12.1.3 Measurement of progress towards sustainable development

As what is managed needs to be measured, managing the sustainable development process requires a much strengthened evidence base and the development and systematic use of robust sets of indicators and new ways of measuring progress. Measurement not only gauges but also spurs the implementation of sustainable development and can have a pervasive effect on decision-making (Meadows, 1998; Bossel, 1999). In the climate change context, measurement plays an essential role in setting and monitoring progress towards specific climate change related commitments both in the mitigation and adaptation context (CIESIN, 1996-2001).

Agenda 21 (Chapter 40) explicitly recognizes the need for quantitative indicators at various levels (local, provincial, national and international) of the status and trends of the planet’s ecosystems, economic activities and social wellbeing (United Nations, 1993).
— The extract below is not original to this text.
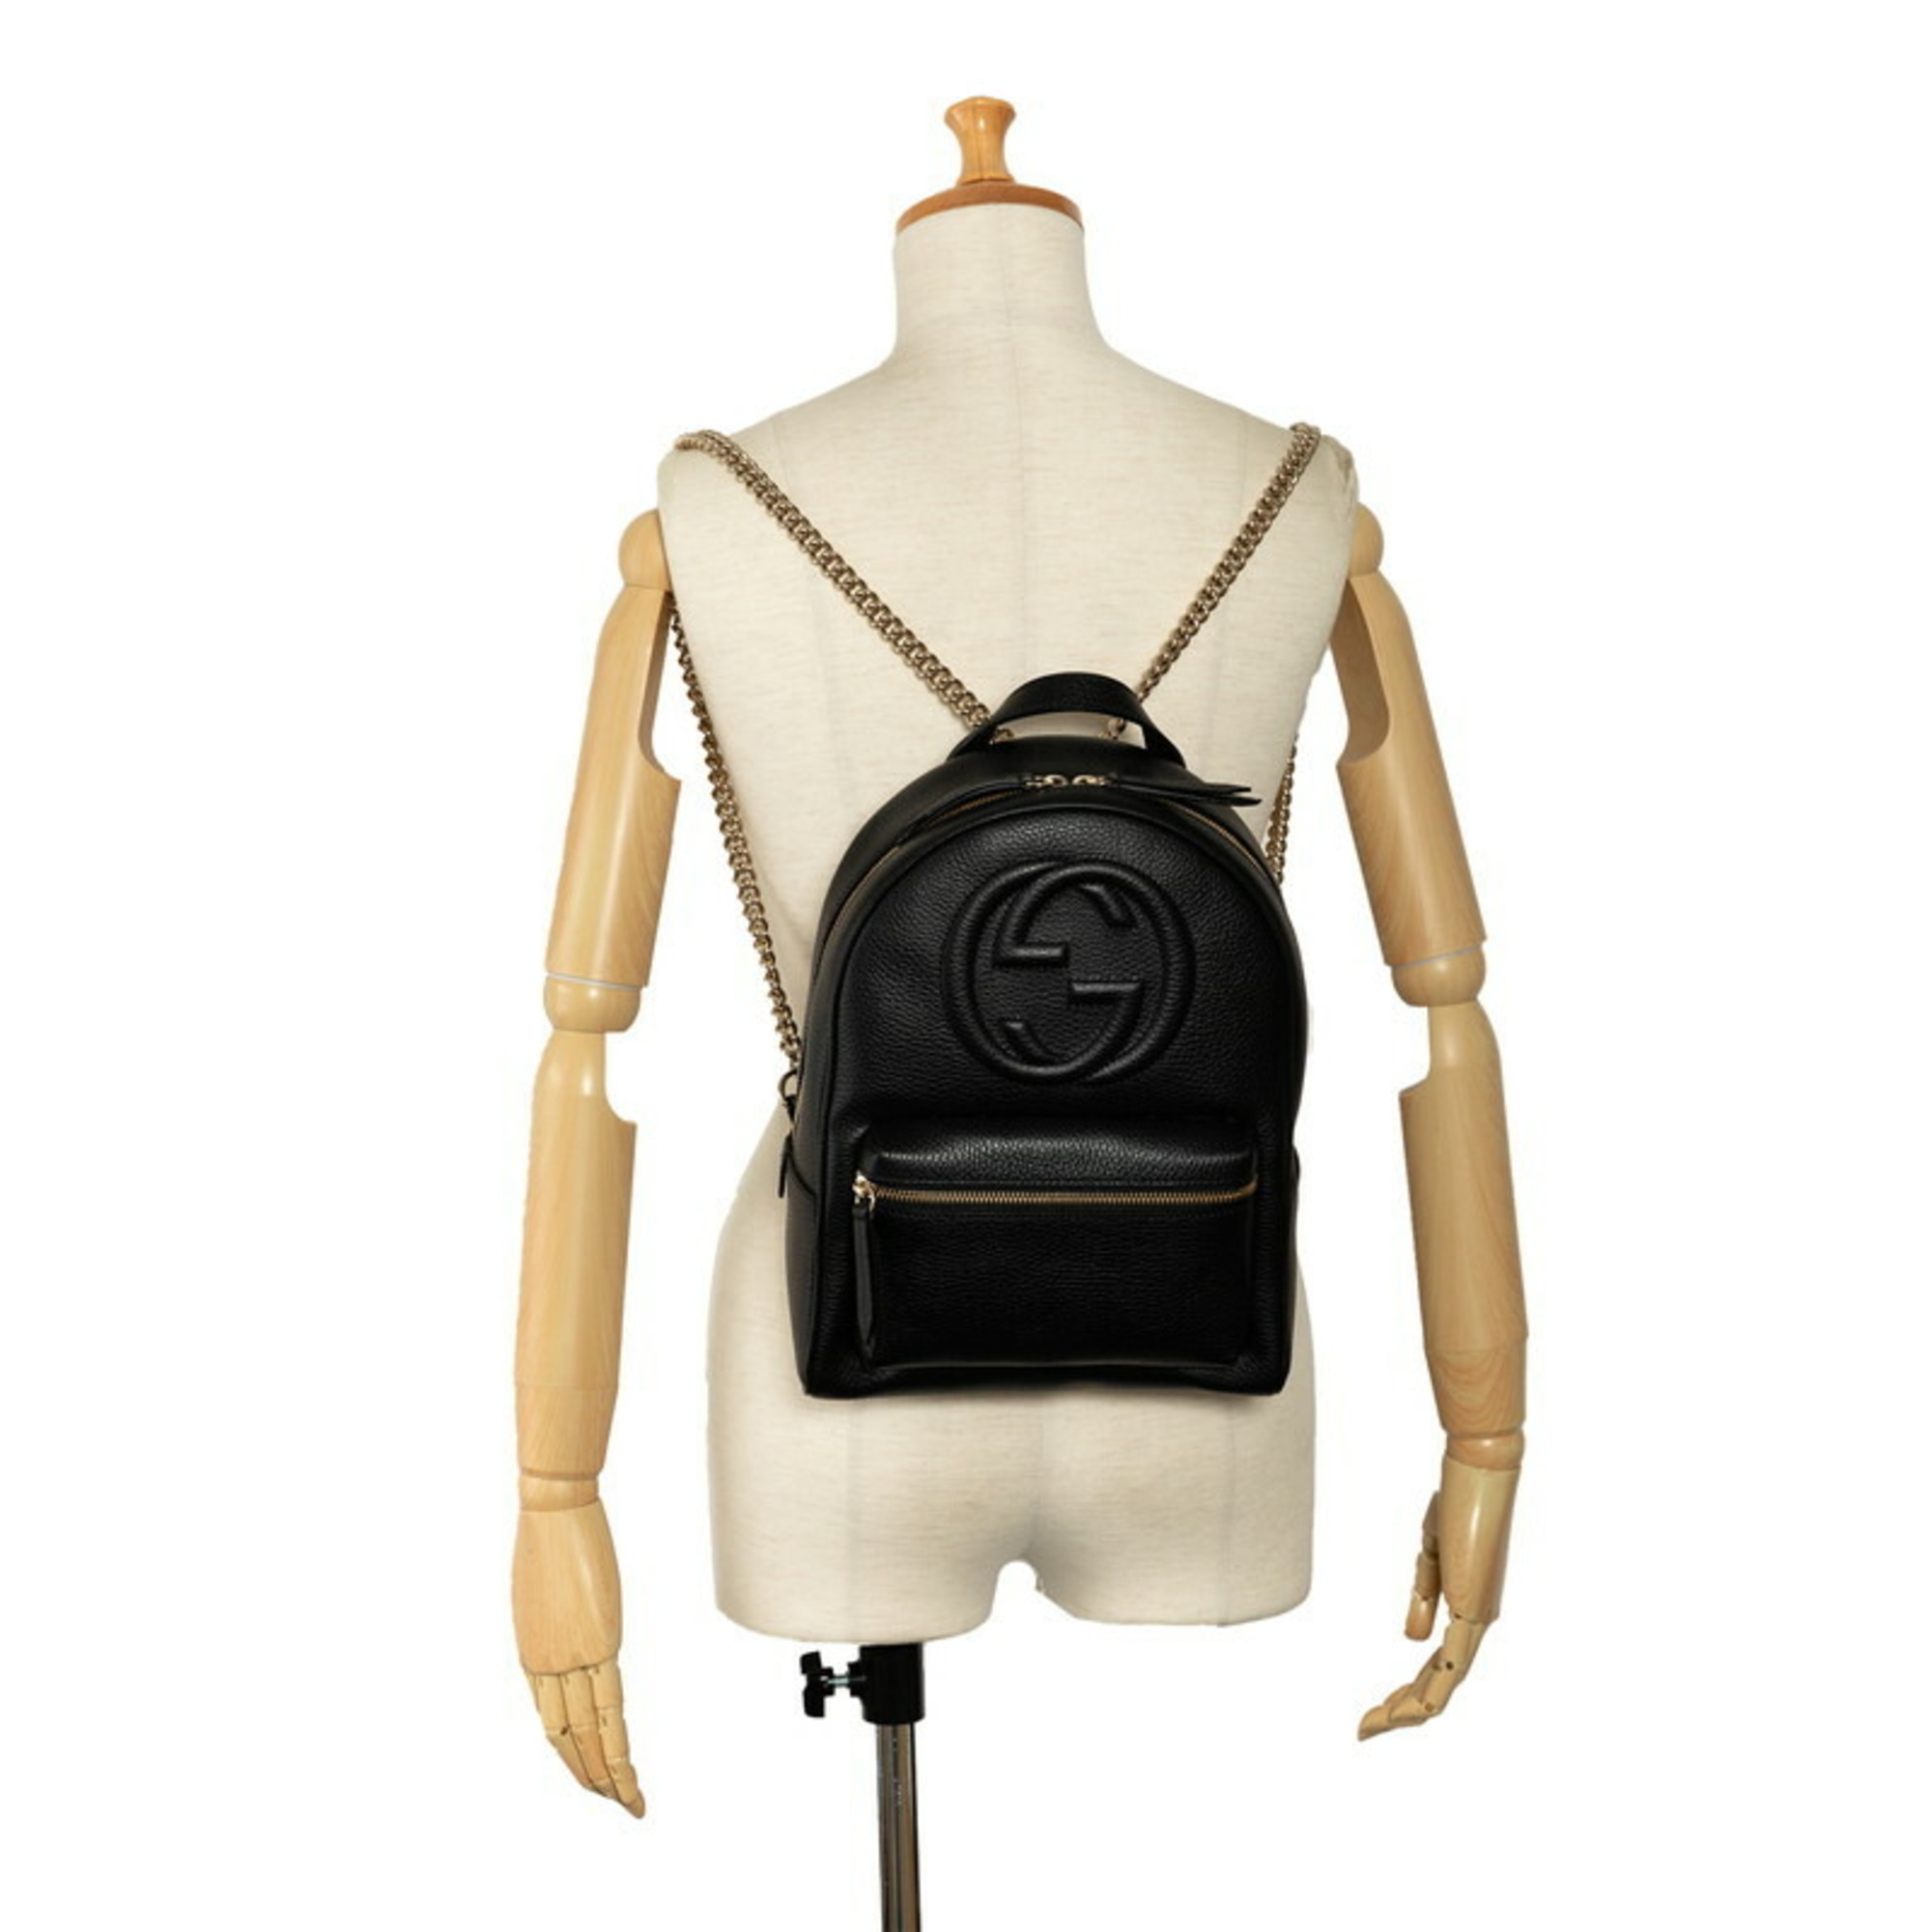 Gucci Interlocking G Soho Chain Backpack 536192 Black Leather Women's GUCCI

The need for further work on indicators at national and other levels was confirmed by the Johannesburg Plan of Implementation (UNEP, 2002).

As pointed out by Meadows (1998), indicators are ubiquitous, but when poorly chosen create serious malfunctions in socio-economic and ecological systems. Recognizing the shortcomings of mainstream measures, such as GDP, in managing the sustainable development process, alternative indicator systems have been developed and used by an increasing number of entities in various spatial, thematic and organizational contexts (Moldan et al., 1997; IISD, 2006).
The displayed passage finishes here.